I had the very great pleasure of speaking at the ‘Libraries, Media & The Semantic Web’ event hosted by the BBC Academy last Wednesday, along with folks from the New York Times, the BBC, Google in the guise of Schema.org, Historypin and KONA. The event was organised by the Lotico London Semantic Web Group.
The General Manager for News and Media at the BBC, Phil Fearnley, introduced the event, and immediately caught our attention by informing us that the BBC is continuing to make a substantial commitment to semantic web technologies, having devoted 20% of it’s entire digital budget to activities underpinned by this technology. Nice one Phil.
After a few opening words from Marco Neuman of Lotico, Jon Voss was then up, giving us a briefing on Linked Open Data in Libraries, Archives and Museums (LOD-LAM) efforts around the world, and upcoming plans within the community. He talked about how the first International LODLAM Summit held in San Francisco last year has galvanised the LODLAM community, and helped kick-off a number of activities. Jon was the main convener of the summit, and kindly asked me to be on the organising committee, so, although you could say I’m biased, I can vouch for the fact that it was a great event. He also mentioned how the number of LODLAM events across the world has grown, with meetups in Australia, the UK and a number of places around the USA. Jon also talked about some recent work Historypin are doing to allow users to dig deeper into archival records based on time and place, to enhance the Historypin experience using linked data principles. He wrapped up by emphasising the importance of open licenses, and how open data has to come before linked open data.
I was up next, giving a whistle stop tour of UK LODLAM activities, myself being Adrian Stevenson, Senior Technical Innovations Coordinator at Mimas, University of Manchester. Given that I was in the vicinity of where the classic glam rock bands have played, I couldn’t resist the temptation to use the galleries, libraries, archives and museums ‘GLAM’ acronym for my presentation title, and throw in a glitter platform shoe on the opening slide. I covered the work of the LOCAH and Linking Lives projects, before giving a heads up to a number of the JISC funded Discovery projects doing linked data work, including the Bricolage project in which our own Pete Johnston is involved, and the newish World War One Discovery project I’m working on. I finished up by focussing on particular challenges we’ve met on Locah and Linking Lives, namely the difficulty of creating links based around names, and the general problem of finding data to link to.
We then moved to the media perspective on things, with Evan Sandhaus, lead architect for semantic platforms at the New York Times, giving us the low down on rNews, an embedded data standard for the news industry from the IPTC. Evan explained the ‘silly’ situation we’ve ended up in, where the data content of news articles is kept in structured form behind the scenes in databases, but this structure is lost when the data is presented to the Web in HTML. To address this weakness, the IPTC came up with the rNews data standard, which is defined as “a data model for embedding machine-readable publishing metadata in web documents and a set of suggested implementations”. Currently there are RDFa and HTML5 implementations, with a JSON implementation under consideration.

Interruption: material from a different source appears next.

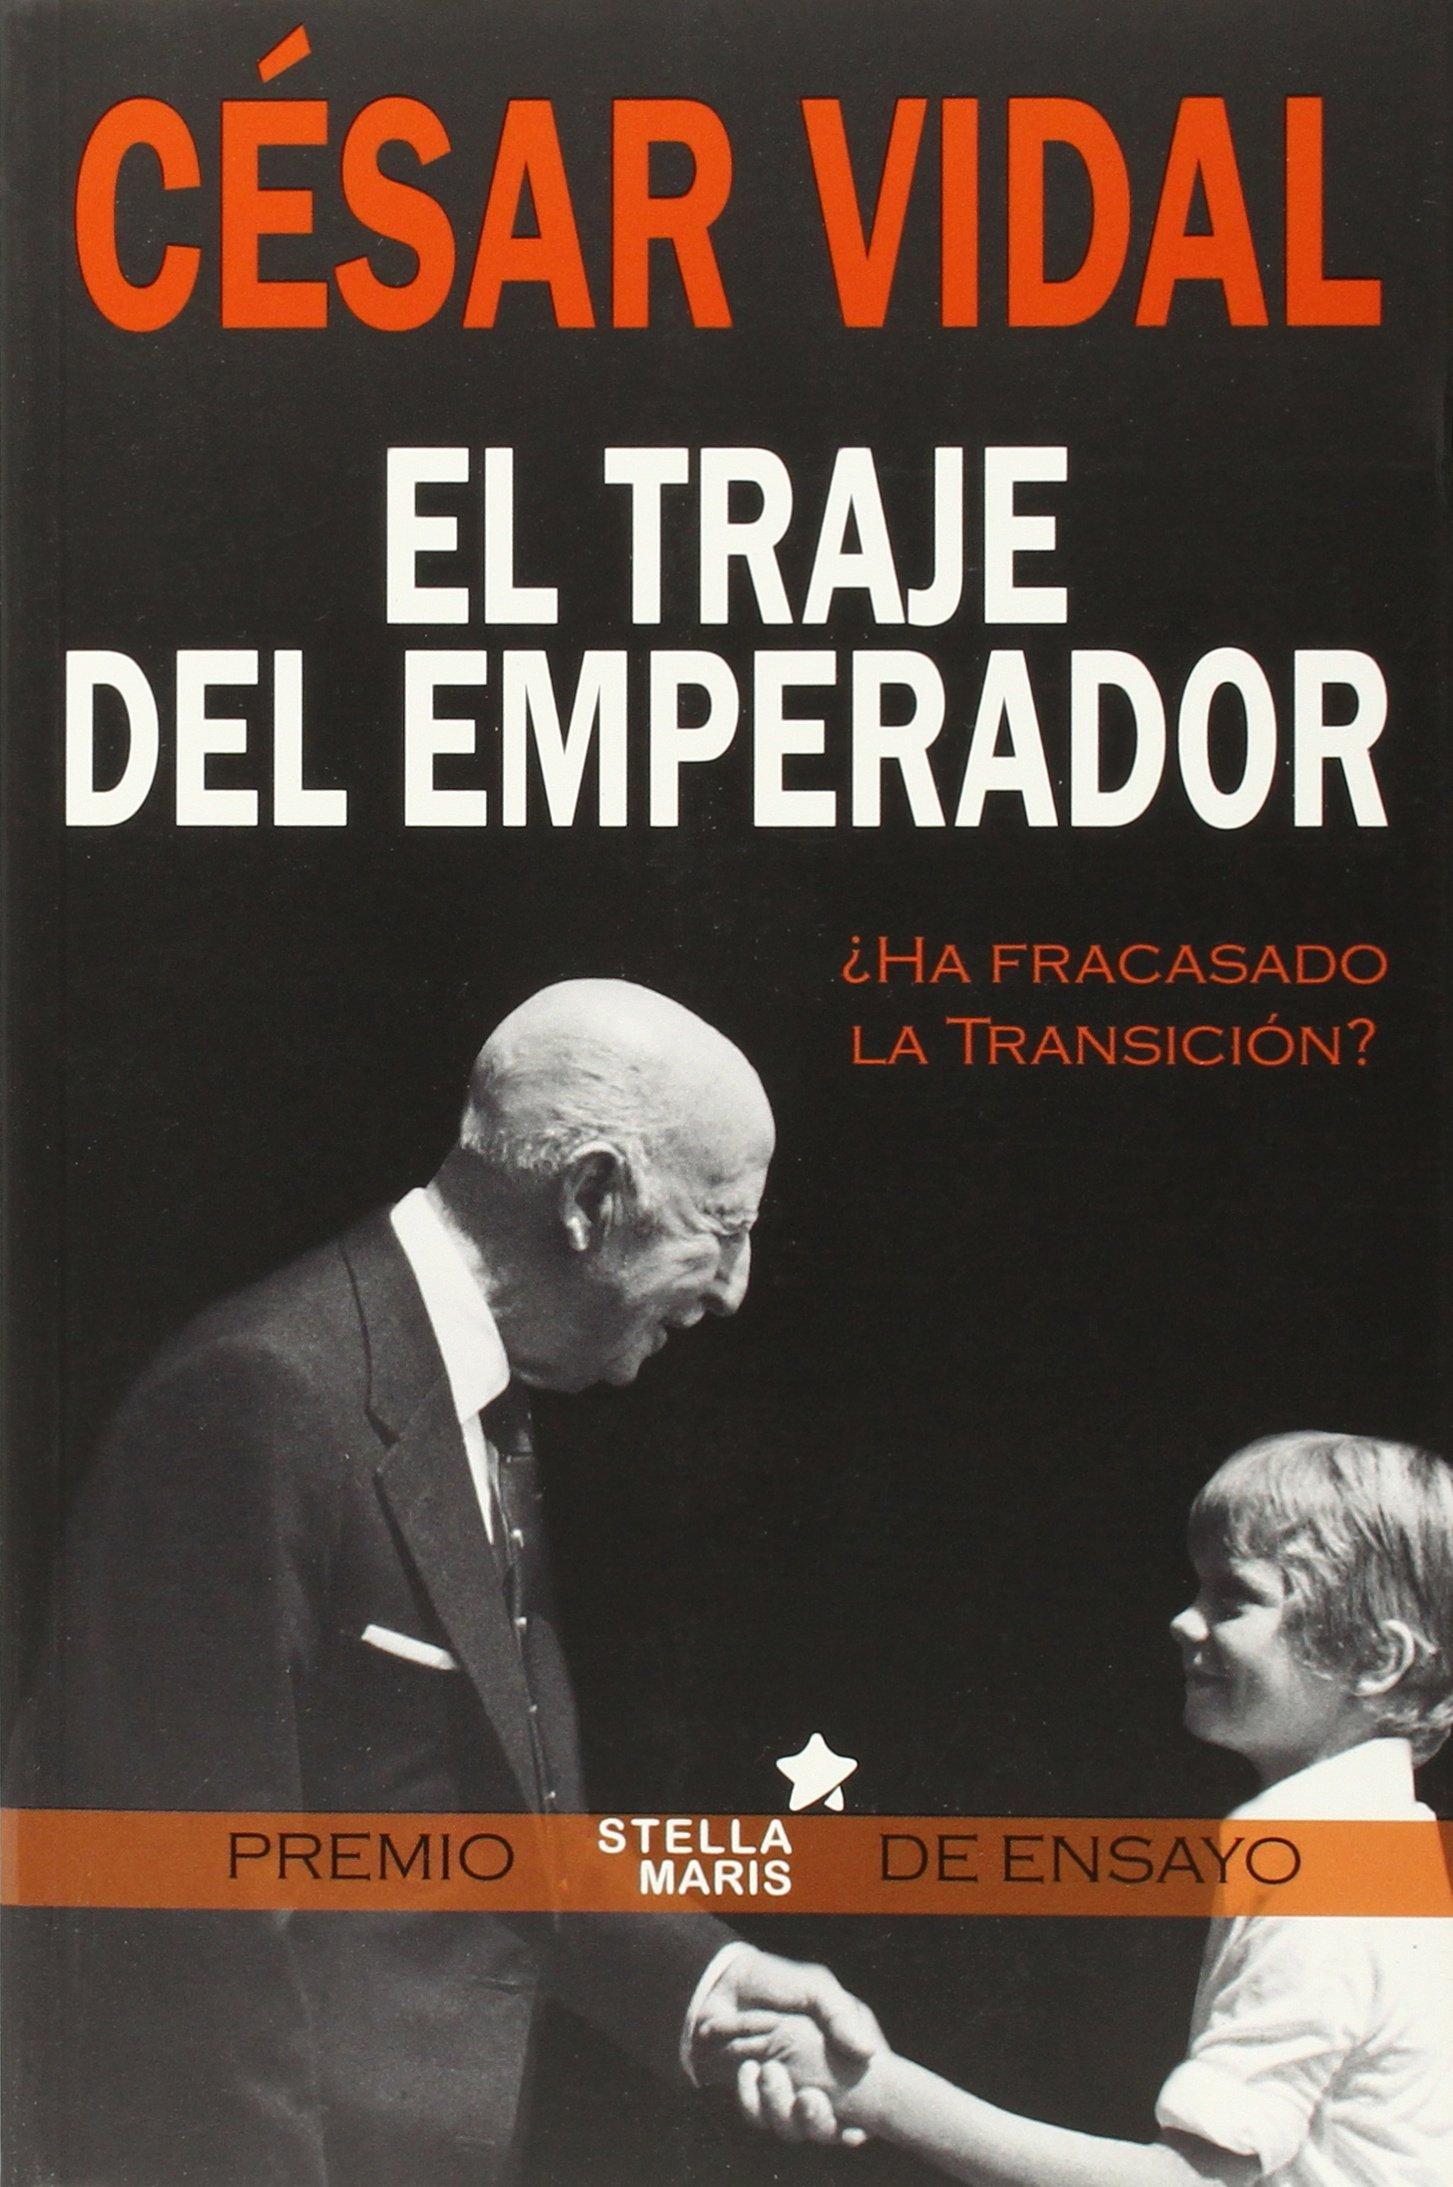 El Traje Del Emperador Historia de César Vidal Manzanares 10 mar 2015 Tapa blanda: Amazon.es: Libros

Addressing the benefits, Evan explained that rNews can provide superior algorithmically generated links, such as those generated by Google Rich Snippets, thereby improving referral traffic. In addition, it can allow for better analytics provided by the better quality data. It was noted, however, that these benefits will depend on the wide adoption of rNews in the community. He then gave a short history of the development of rNews, culminating in the announcement that it has now been adopted by the New York Times, and is used on all news articles published after 29th January 2012. Evan mentioned how the arrival of Schema.org, which essentially does the same thing as rNews, caused something of an “existential crisis”. Fortunately, the organisations have worked together, and schema.org has now been expanded to absorb about 98% of the rNews data model.

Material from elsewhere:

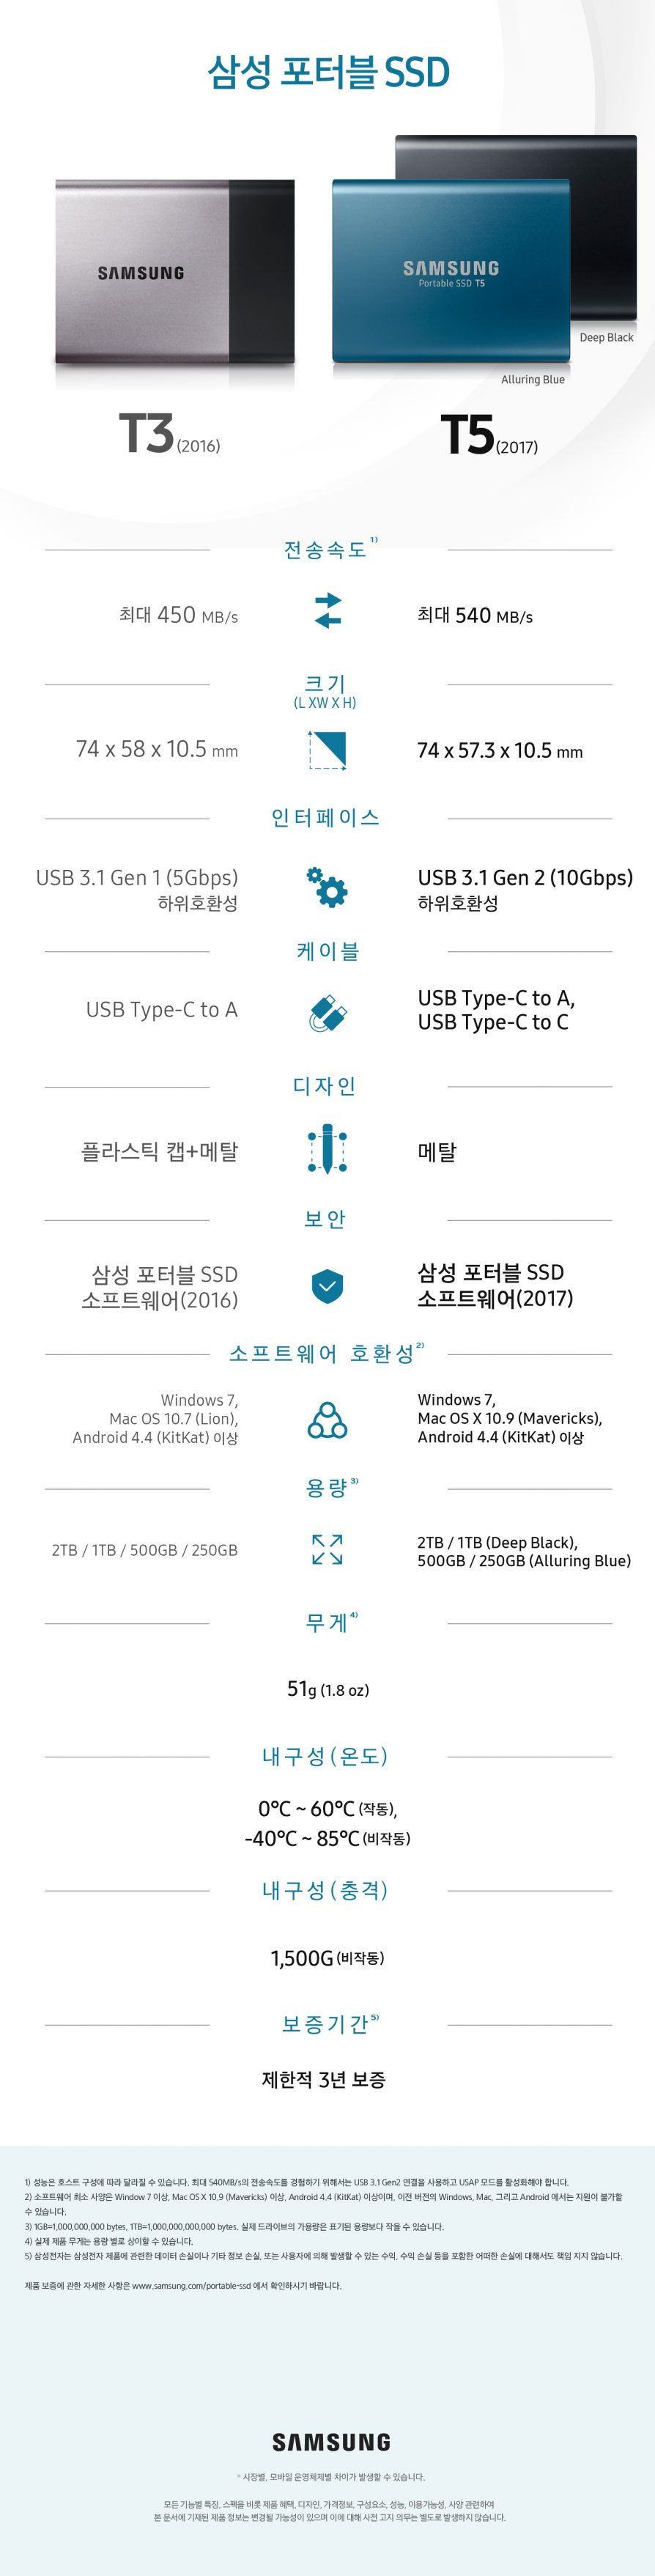 포터블 SSD T5와 전작 T3를 비교해봤습니다.

Dan Brickley from Google, working on Schema.org, gave a really interesting talk looking back at the history of search and structured data over the past 100 years. He used this as a way to highlight the connections between the GLAM sector, the media, and the problems schema.org is aiming to solve. Dan proposed the notion that somewhere in Belgium, semantic search over structured data went mainstream as long ago as 1912. He backed this up by quoting some search queries logged in the 1912 annual report from the Belgian Institute of Bibliography. Dan went on to talk about Lonclass, a BBC media archives classification system still used today. Dan suggests that Lonclass is based on structured semantic data, having compositional semantics predating computing. Using Lonclass, it’s possible to build sentences from its semantics, e.g. the lonclass code ‘656.881:301.162.721 for “Letters of apology” can be combined with the codes for ‘resignation letters’, ‘Margaret Thatcher’ etc.

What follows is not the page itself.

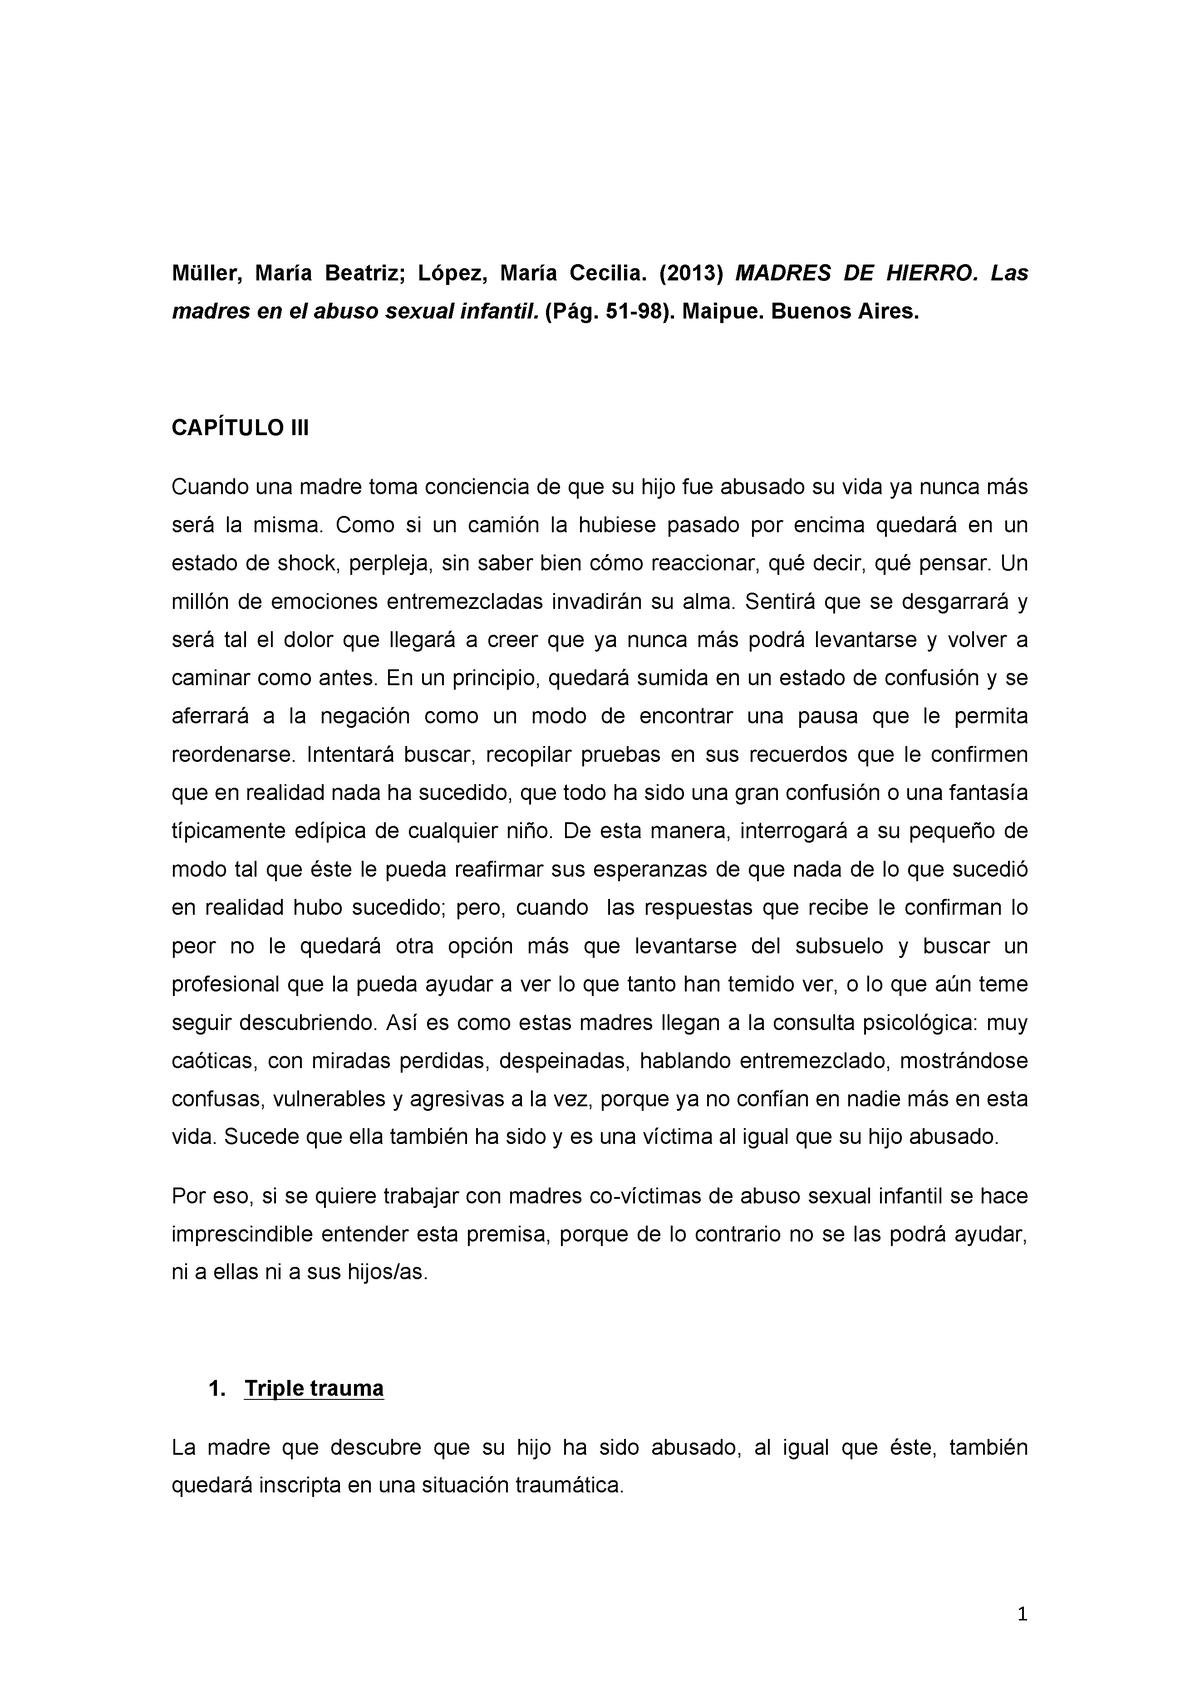 Abusso Internado Mas Ulino Porno madres de hierro ( triple trauma) - - uas - studocu

Dan described how Schema.org, launched in June 2011, is essentially the result of a loose collaboration of engineering groups from Google, Bing, Yahoo & Yandex. Having been somewhat behind the scenes, they are moving increasingly to a collaboration model in the public space, the vocabulary development now being hosted by the W3C. Google Rich Snippets was cited as the best known way in which this markup is being used, and the business story is that if you use schema.org markup, your page is better described, you get more click-throughs, and people can better understand search result lists. He noted there’s also an advertising aspect, though this is not part of Dan’s work. The overarching aim is to give more accurate search results. Dan reckons schema.org counts as linked data, as the markup that describes someone, say Douglas Adams, points off to another page providing more info about Douglas Adams. Dan rounded off suggesting Schema.org is basically a dictionary of terms drawing on the everyday scenarios of search. It was interesting to note that he thinks the semantic web world is too polite in feeling the need to use other people’s terms. Schema.org is relatively ‘rude’, having about 300 terms, but he believes this makes it easier to deploy.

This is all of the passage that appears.